The superintendent of San Jose Unified and leaders of the district’s teachers union have agreed on an innovative evaluation and compensation system that, if implemented, would be significantly different from any in California. With education groups in Sacramento and legislators still bruised over a grueling, failed effort to revise the state’s teacher evaluation law last summer, the San Jose plan offers hope that a progressive compromise on divisive issues is possible.

  • Among the significant features in the San Jose agreement:
  • Pay and performance would be linked; teachers who receive an unsatisfactory review, triggering an improvement plan, would miss a raise on the scheduled salary scale for that year.
  • Consulting teachers – a newly created position – would participate with the principals on all evaluations of probationary teachers and on evaluations of experienced teachers if requested after a principal’s initial review; Teacher Quality Panels, made up of teachers and administrators, would review decisions at key junctures along the way.
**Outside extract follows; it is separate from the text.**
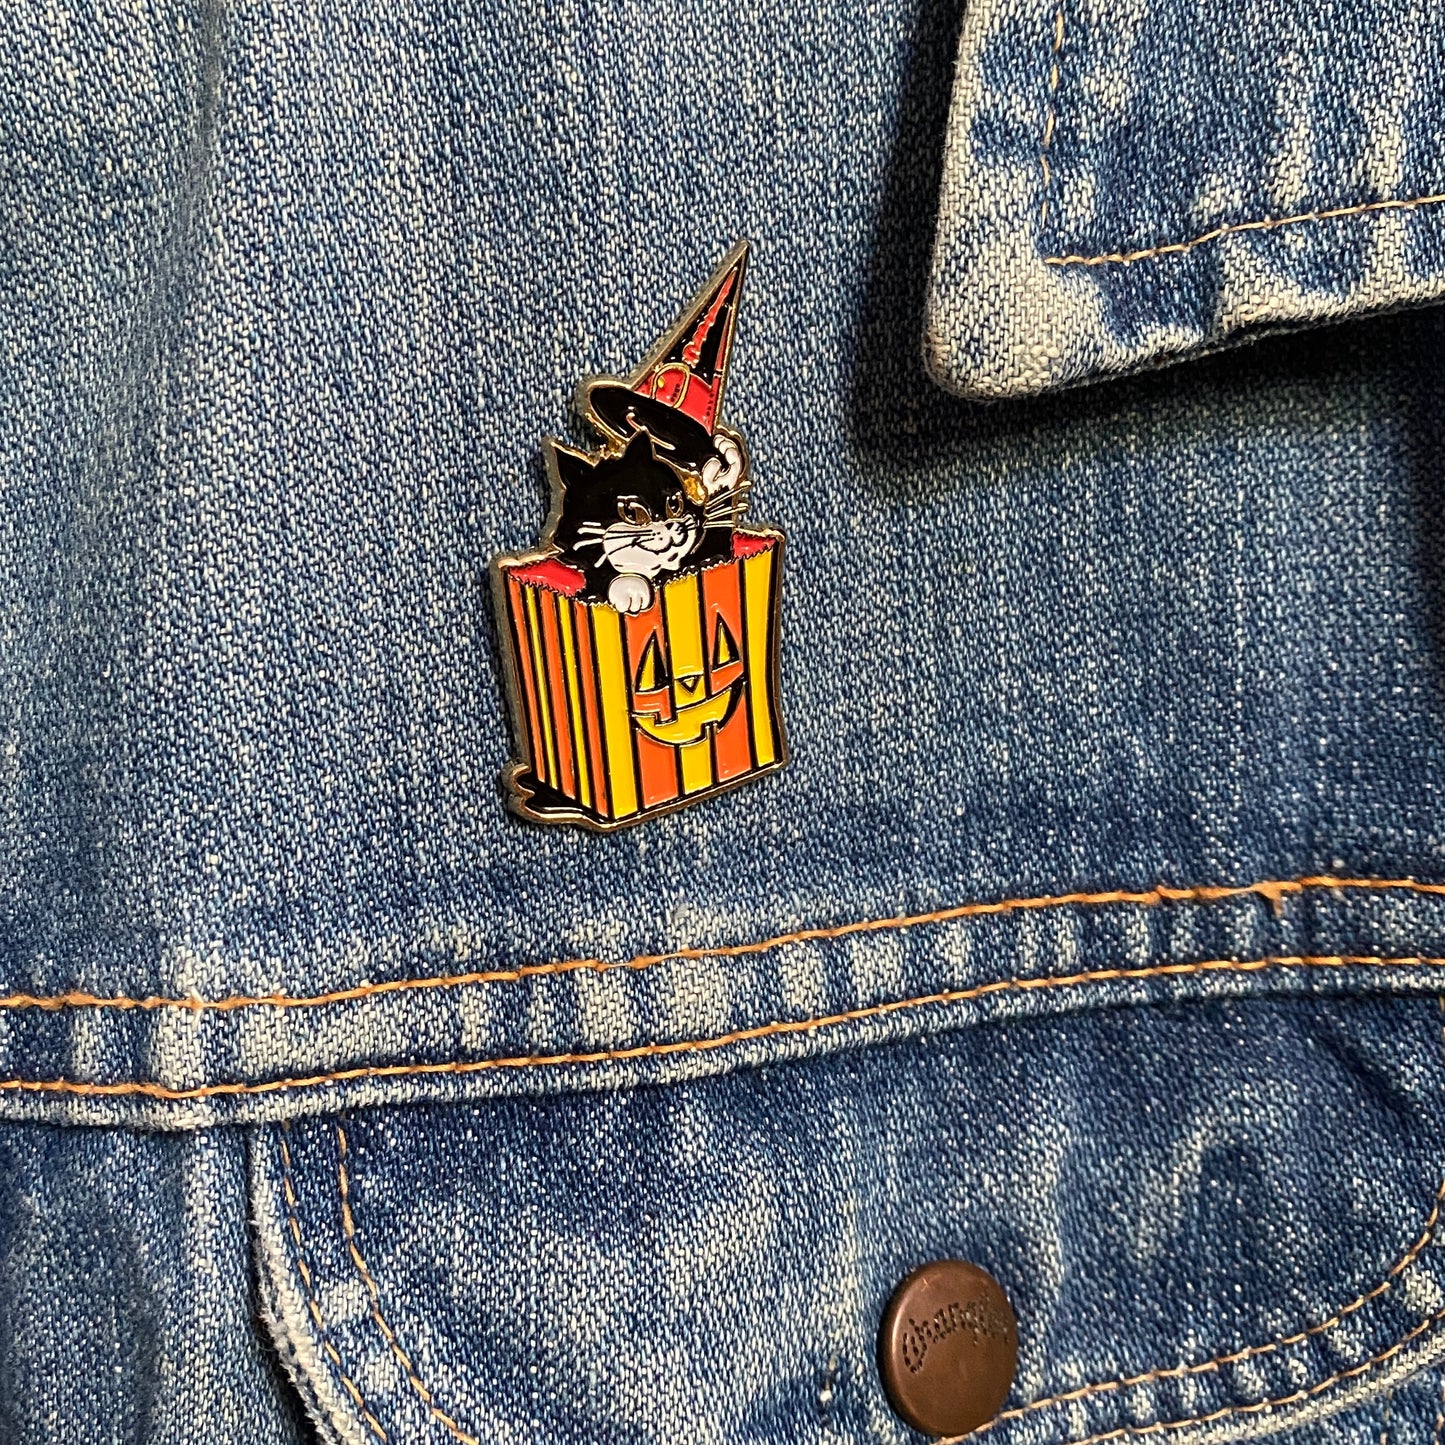 Halloween Cat Enamel Pin

  • An evaluation would include multiple perspectives of a teacher’s work, as measured by informal classroom walkthroughs, formal observations, interactions with the principal, feedback from peers, a student/parent survey, and personal reflections. Measures of student growth would be an integral part for all teachers, not just those in grades and subjects given standardized tests. California Standards Tests, which are to be phased out in two years, won’t be used; district tests that establish growth over the course of a year might be. Assessments for Common Core standards, which will be rolled out nationally two years from now, will be studied to see if they’re appropriate for evaluations.
  • There would be new career positions offering pay that’s about 10 percent higher for a model teacher and 30 percent higher for a master teacher than the new maximum for a veteran teacher; the new career opportunities would be renewable three-year assignments for about the top 20 percent of teachers who’d be selected through a rigorous application process.
  • Teachers could opt into a new, compressed salary scale in which they would reach a salary level in 13 years ($79,500) that they now reach in 21 years, but they also would max out at that salary level. Teachers with 30 years experience now earn $87,228. The only way to make more money under the new scale would be to become a model or master teacher.
As a point of reference: Modoc COE teachers at 21 years earn $71,002 and at 30 years earn $77,841.